NEWBERRY — Two Newberry College biology students have paved the way for mammalian cell culture research at the institution.


Over the last year, Kimberly Fuhrman '22 (Clinton) and senior Daniel Oluwarotimi (Lagos, Nigeria) studied how Alzheimer’s Disease begins and progresses. Their research was supported by South Carolina Independent Colleges & Universities’ 2022 Undergraduate Student & Faculty Research Program. They presented their findings Feb. 16 at the consortium’s symposium in Spartanburg.


“What is really exciting is that this research brings mammalian cell culture to Newberry College, a powerful tool that has not been successfully offered here before,” said Dr. Lindsy Boateng, assistant professor of biology and the students’ research advisor. “This opens the door for many new opportunities in cell biology and genetics research that can be expanded to environmental impacts and developmental studies as well.”


Fuhrman and Oluwarotimi examined how two cellular proteins — p53 and Tau, which are associated with cancer and with Alzheimer's Disease — interact under various conditions. The first, p53, controls the cell division cycle and prevents uncontrolled cell growth that leads to cancer. The second, Tau, forms abnormal aggregates that partially explain why brain cells gradually die off in Alzheimer's.


“If we figure out how the protein tangles form in the first place, we may provide insight into how to prevent Alzheimer's Disease, or at least its progression,” said Boateng.

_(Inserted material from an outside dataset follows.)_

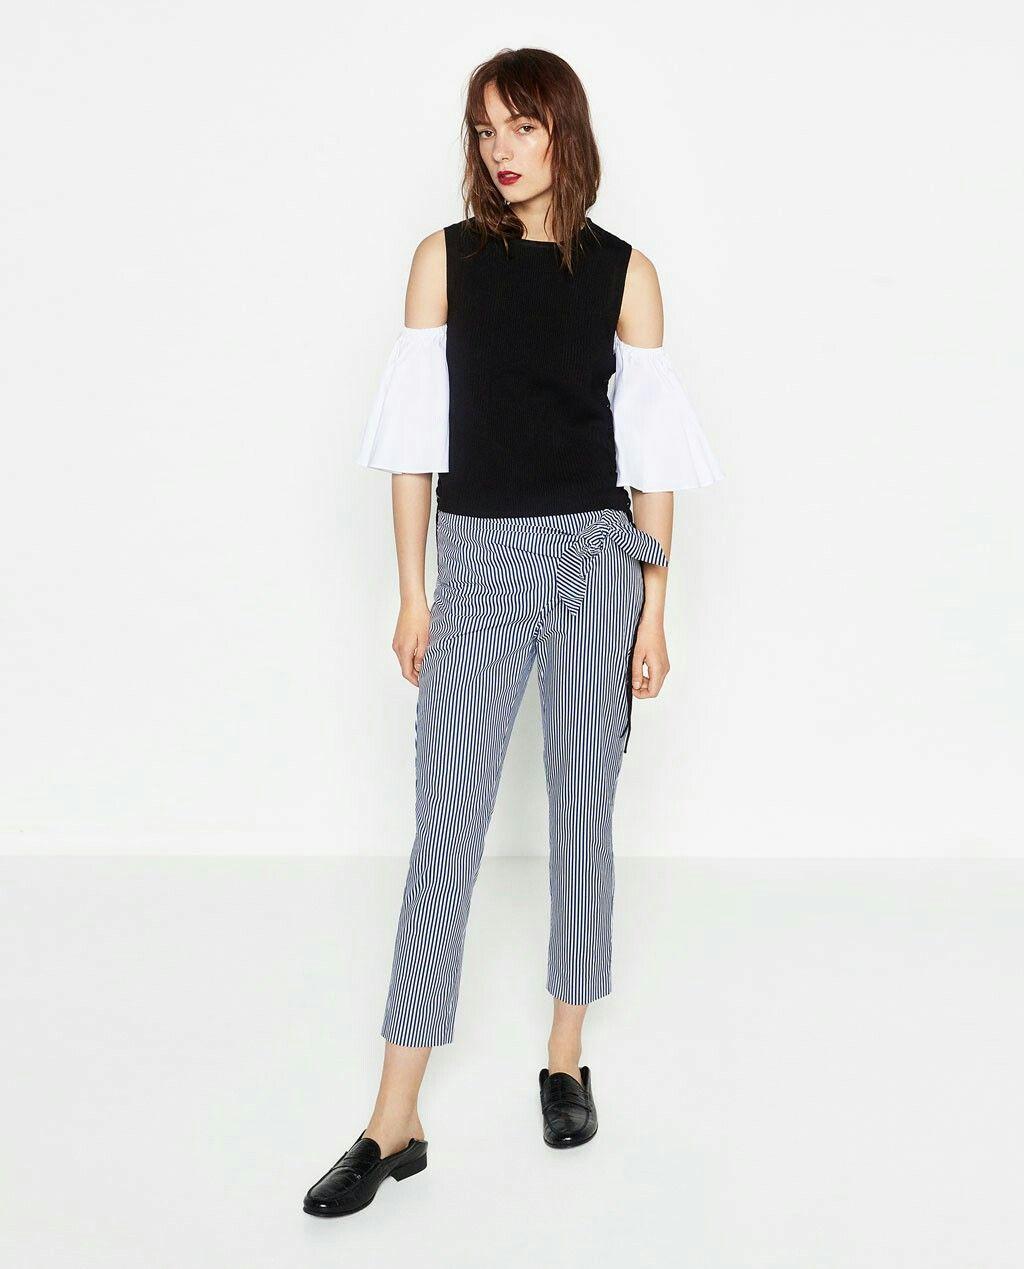 Estilo Promoción De Verano Mujeres Pantalones Personal Unidos A 2016 Rayas Estados Zara Pantalones Popelín Mujer Rayas qwtcx7OA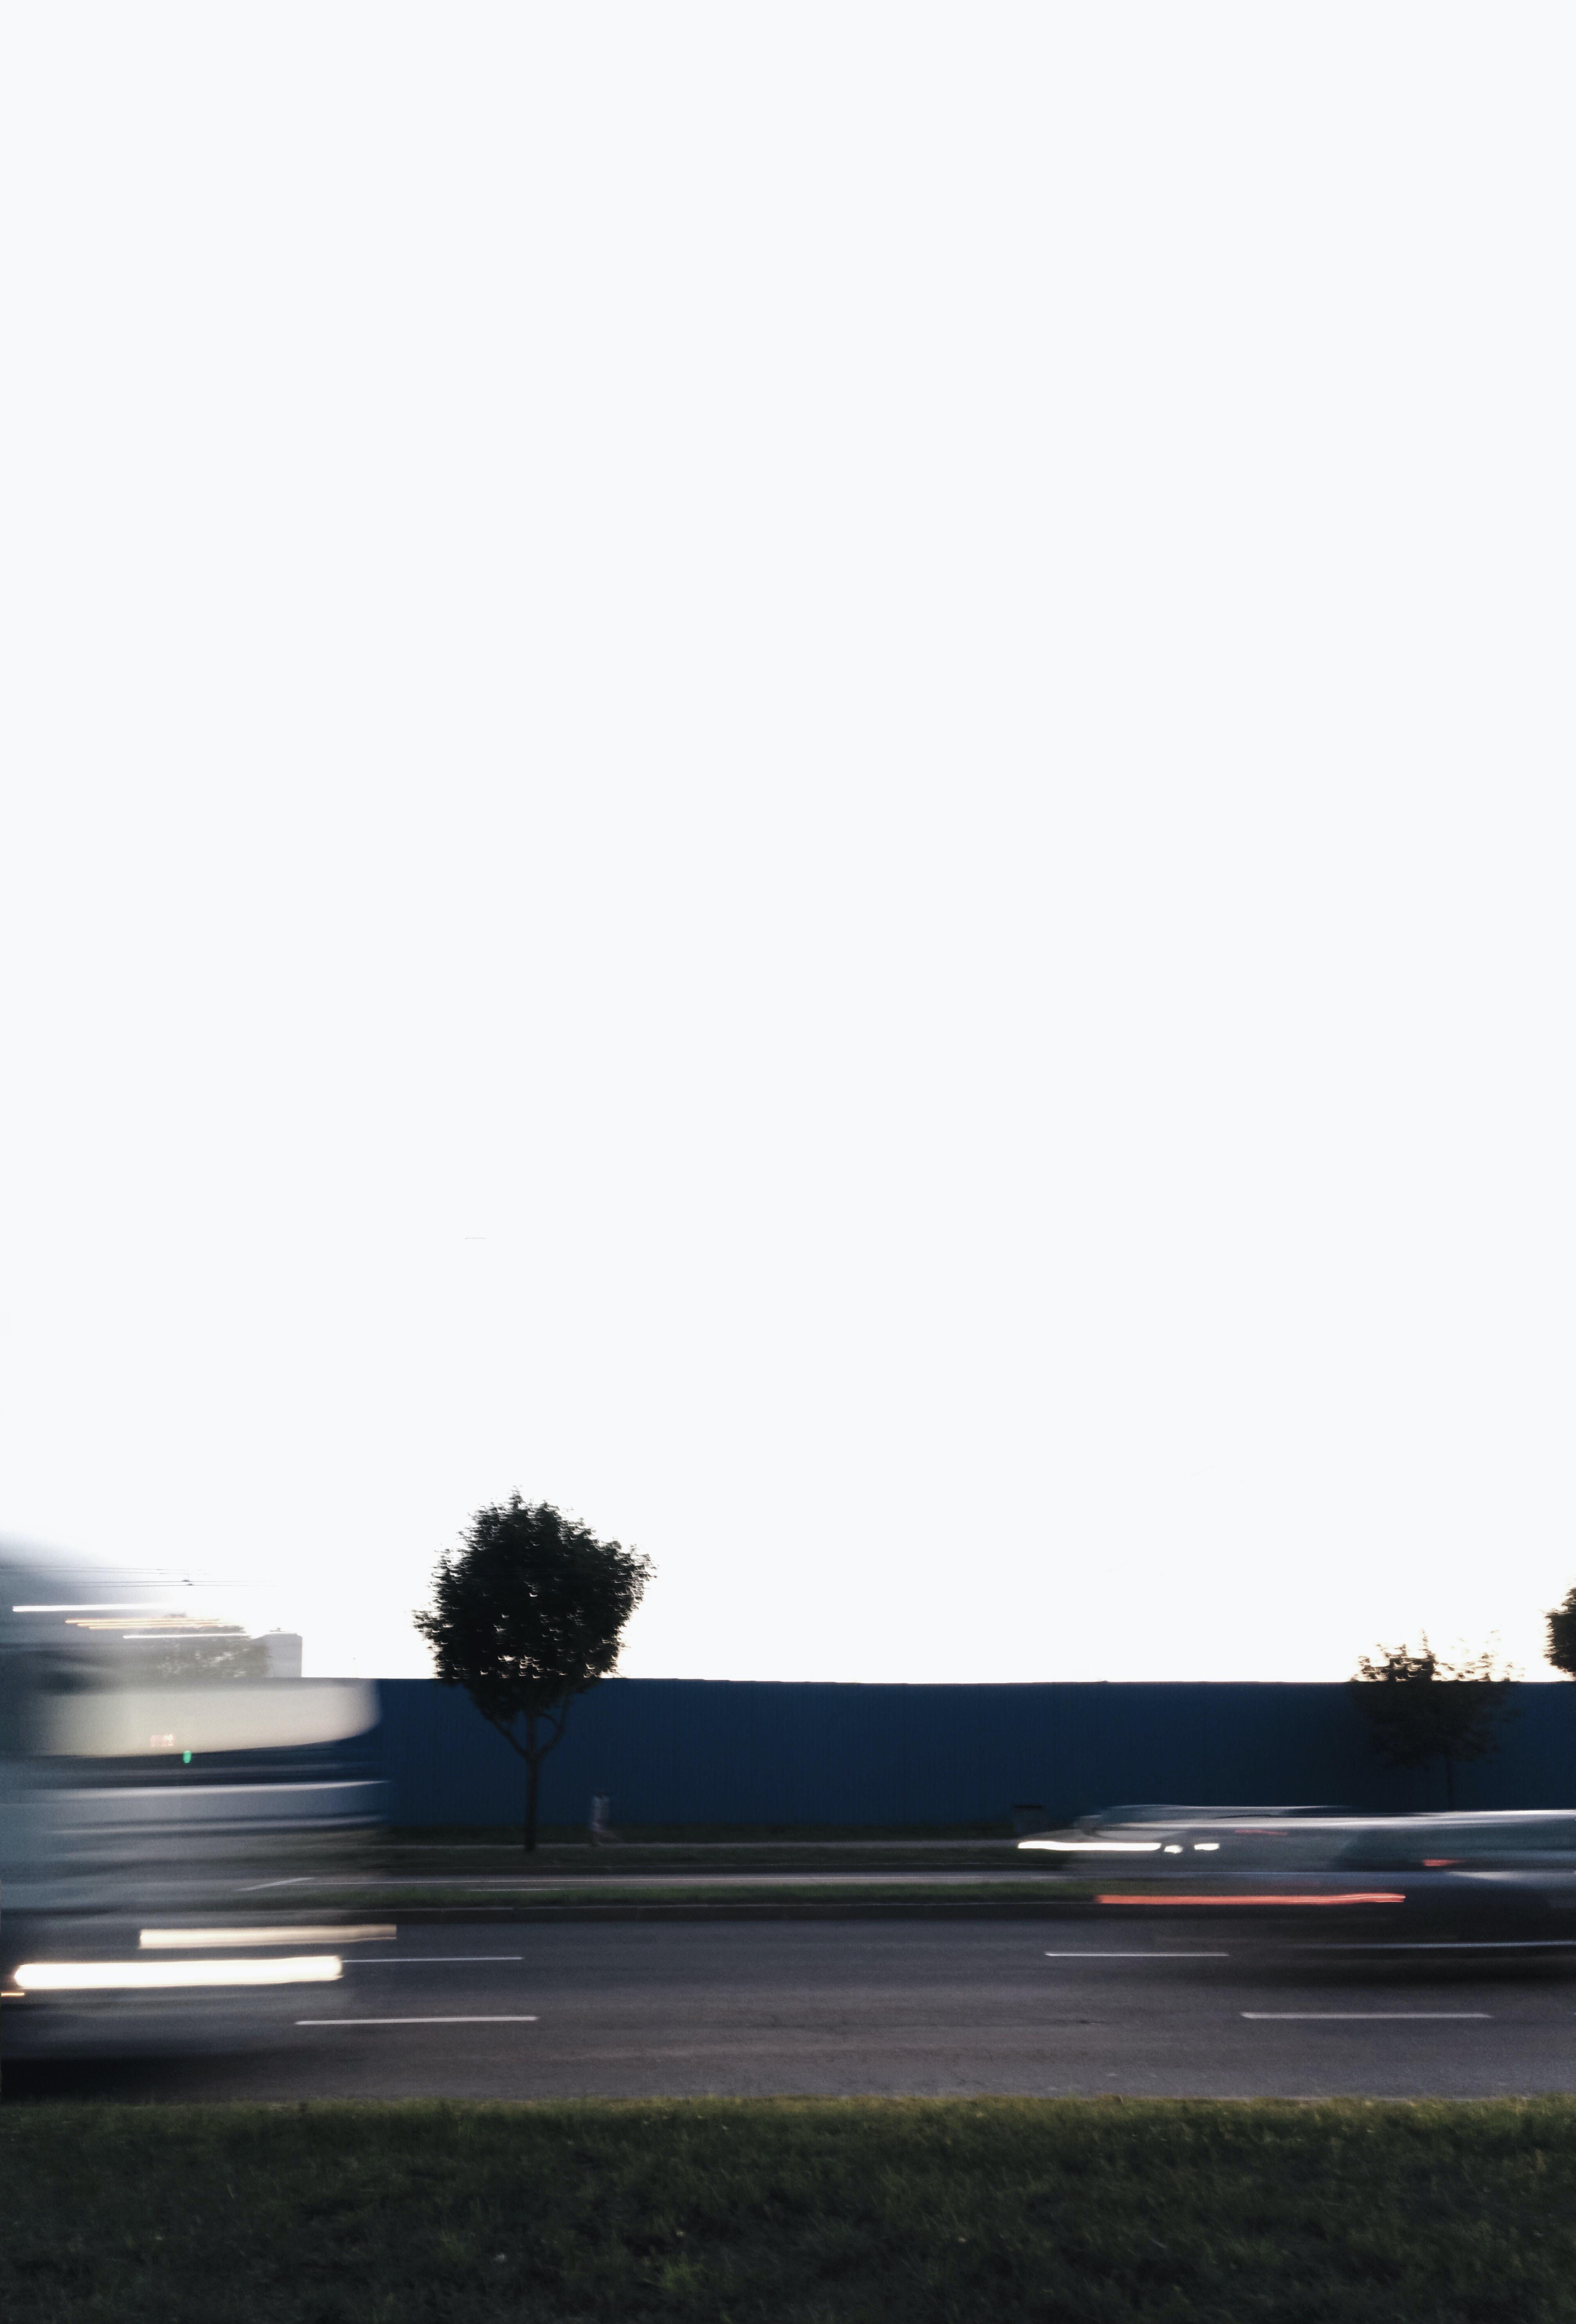 time-lapse photo of vehicle

Fuhrman examined the location of the proteins using a fluorescence microscope in a dark room, and watched for changes in movement patterns under different conditions. Oluwarotimi examined the interactions between these proteins using protein purification and detection techniques.


“Their results suggest that we may have detected an interaction, but this research needs to continue to confirm the results and perform more experiments,” said Boateng.


SCICU provided $8,868 to support the research, which began in summer 2022 and ran through the fall. The consortium advocates on behalf of 21 private institutions across South Carolina.


Photos: (Top) Oluwarotimi at work in the lab; (Right) Boateng, Oluwarotimi and Fuhrman at the SCICU Symposium, Feb. 16, 2023.